Time After Blind

When I was very young, I sewed my eyes shut.

Like all stories, there are details and particulars, but the part that matters is this: once, when I was very young, I decided that I would rather not see anymore, because once, I was almost eaten by a monster. I hadn’t done anything wrong.

Later, in the long blind time that followed, I listened to tales the demon men told. Fables full of platitudes. Their words confused me. Demon girls are indestructible, which was not true, because I had watched countless other girls bleed and break and shriek as they died. Demons girls are the fiercest creatures in the world. But the monster had been fiercer. Demon girls feel no pain. But when I held the threaded needle and slipped the point through the skin of my eyelid, it hurt.

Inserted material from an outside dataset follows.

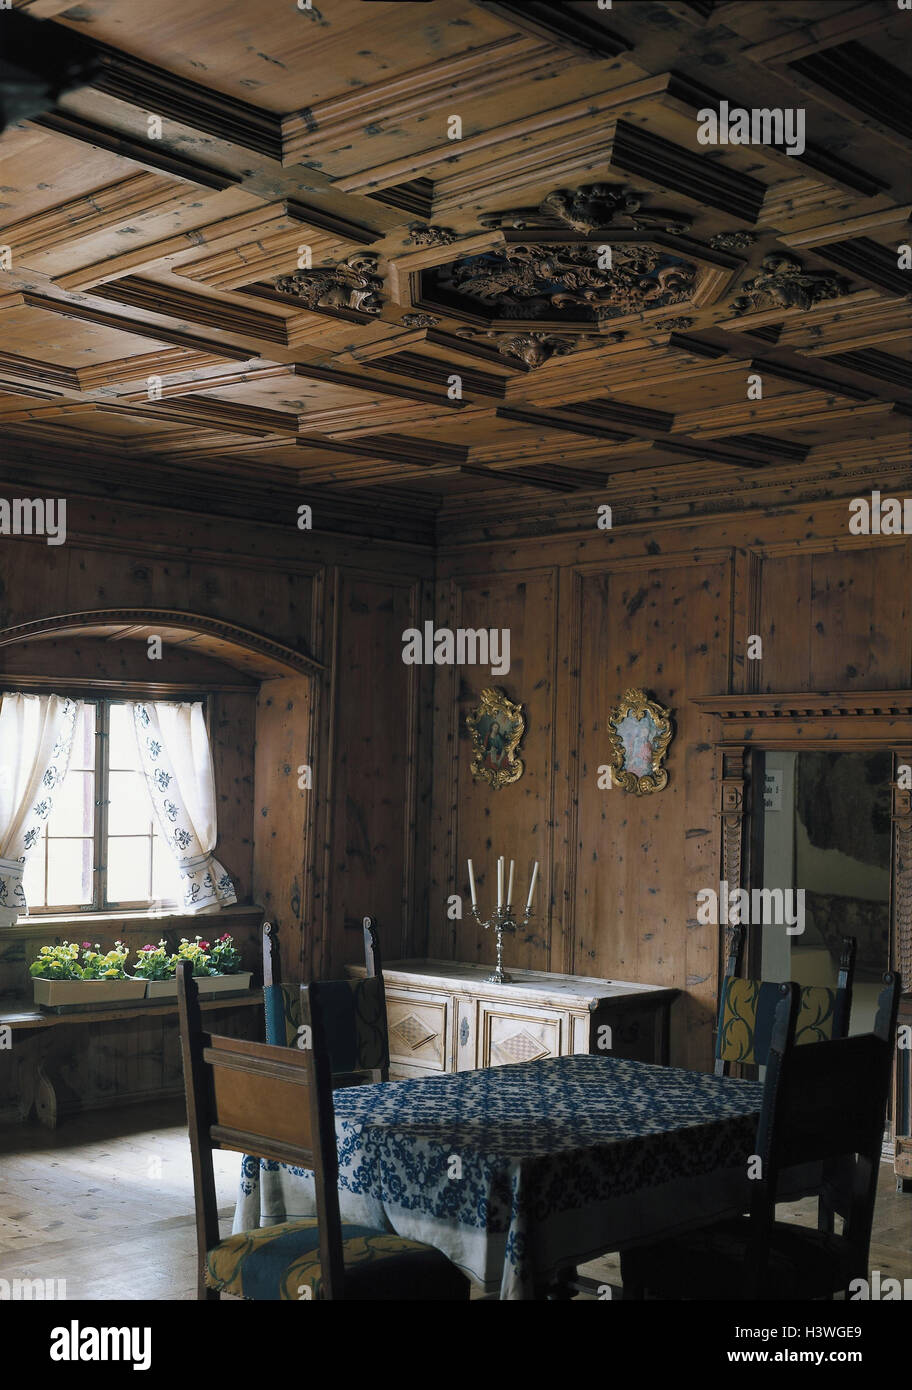 Holzvertäfelung switzerland cloister müstair prince s room detail living space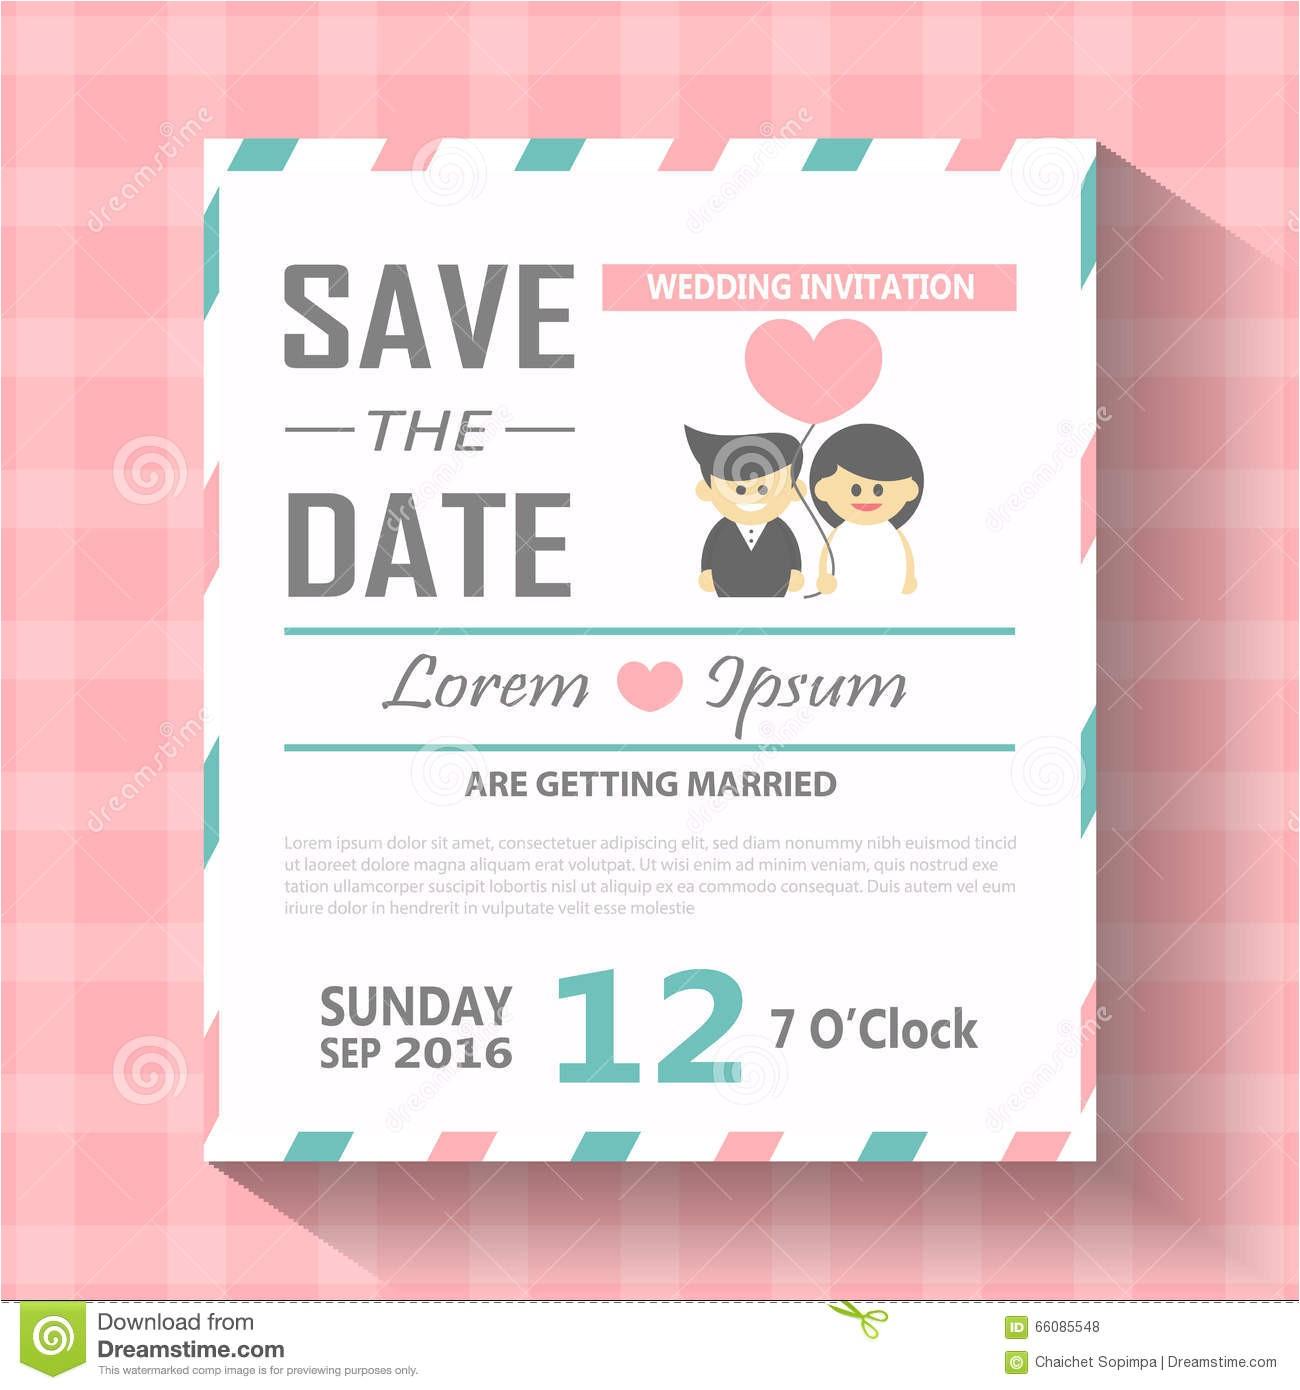 stock illustration wedding invitation card template vector illustration wedding invitation card editable background chevron font type save image66085548

Being blind was a welcome thing, and although the stories of invincibility were untrue, demon girls are sturdy. I could live comfortably without sleeping, without water or food. I had an idea that, if necessary, I could live without air. I lived in a box, looked after by one of the collections agents, a man named Moloch, whose face I had never seen.

To me, Moloch was a feeling. He was a pair of hands. He sat behind me, fingers guiding mine, and shaped letters with a brush. Arabic, Cyrillic, Chinese. He said the characters into my ear like poems. Time passed, but like a slow, meandering breeze, and I was happy.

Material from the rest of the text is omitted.